I believe, in that video, I saw cat brains.


----------



## Rich Koster (Sep 4, 2009)

And what may have been in the kitty's belly (Josh fills in patented response) ?


----------



## Marrow Man (Sep 4, 2009)

I would not dare refer to rodent cerebellum and risk copyright infringement!

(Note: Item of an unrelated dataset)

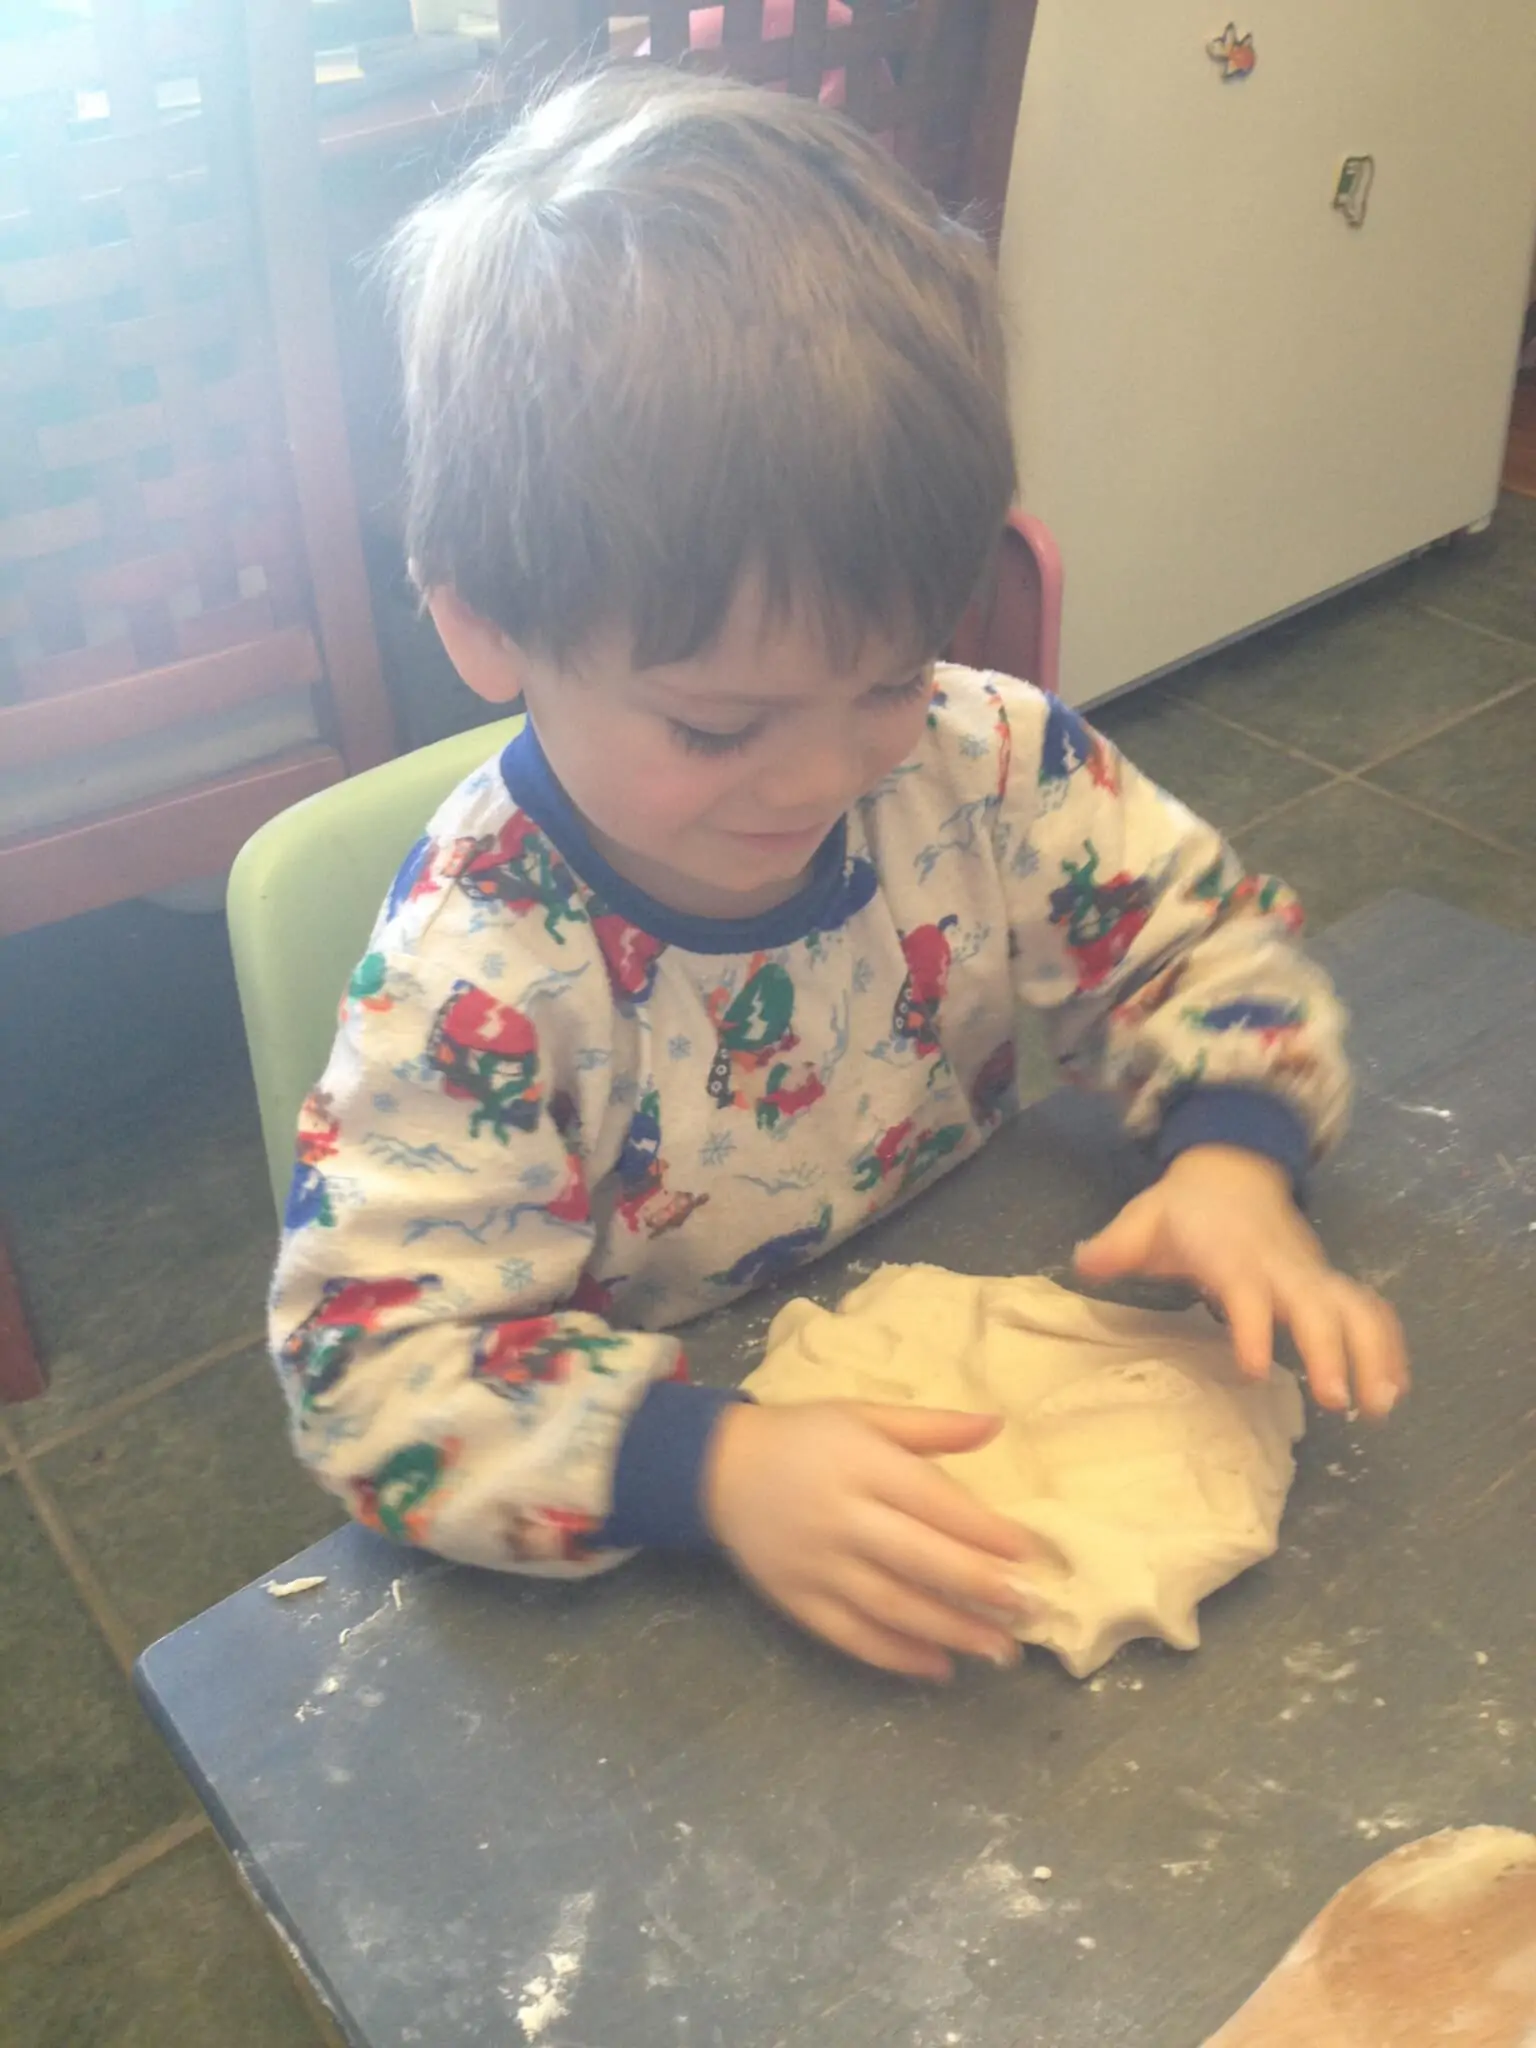 Let kids help make homemade play dough - an amazing play recipe with great sensory benefits!

Feline frontal lobe is so much safer!


----------



## Rich Koster (Sep 4, 2009)

Don't most congregations carry an umbrella policy to cover their pastor for such occasions


----------



## Galatians220 (Sep 4, 2009)

Brings back lovely memories for me. Loudon Wainwright was the "artist;" "Dead Skunk," for some reason, got a lot of airplay here in 1972. I liked it; my father hated it. I played the 45 r.p.m. of it _relentlessly._  

The inimitable Mr. Wainwright, singing his charming, evocative ballad at a concert in Germany in '84:

[video=youtube;doqTSev-_lQ]http://www.youtube.com/watch?v=doqTSev-_lQ[/video]

Margaret


----------



## Rich Koster (Sep 4, 2009)

Galatians220 said:


> Brings back lovely memories for me. Loudon Wainwright was the "artist;" "Dead Skunk," for some reason, got a lot of airplay here in 1972. I liked it; my father hated it. I played the 45 r.p.m. of it _relentlessly._
> 
> The inimitable Mr. Wainwright, singing his charming, evocative ballad at a concert in Germany in '84:
> 
> ...



45's.... brings back memories. I still have a 45 case with John, Paul, George & Ringo's pictures and signatures on it. Probably would go good on E bay.


----------



## Galatians220 (Sep 4, 2009)

Rich Koster said:


> 45's.... brings back memories. I still have a 45 case with John, Paul, George & Ringo's pictures and signatures on it. Probably would go good on E bay.


 
It would, for sure. Actually, it's probably more of a *family heirloom.* You might want to hang onto it for a few more years...

Where's the record???

 

Margaret


----------



## Rich Koster (Sep 4, 2009)

Galatians220 said:


> Rich Koster said:
> 
> 
> > 45's.... brings back memories. I still have a 45 case with John, Paul, George & Ringo's pictures and signatures on it. Probably would go good on E bay.
> ...



It is empty, the heavy weight of my cheap 70's turntable arm ,wore them out. I have some 33's of audiophile quality still in my possesion though. The case was made by Charter Industries NYC.


----------



## Lady of the Lake (Sep 5, 2009)

Marrow Man said:


> I believe, in that video, I saw cat brains.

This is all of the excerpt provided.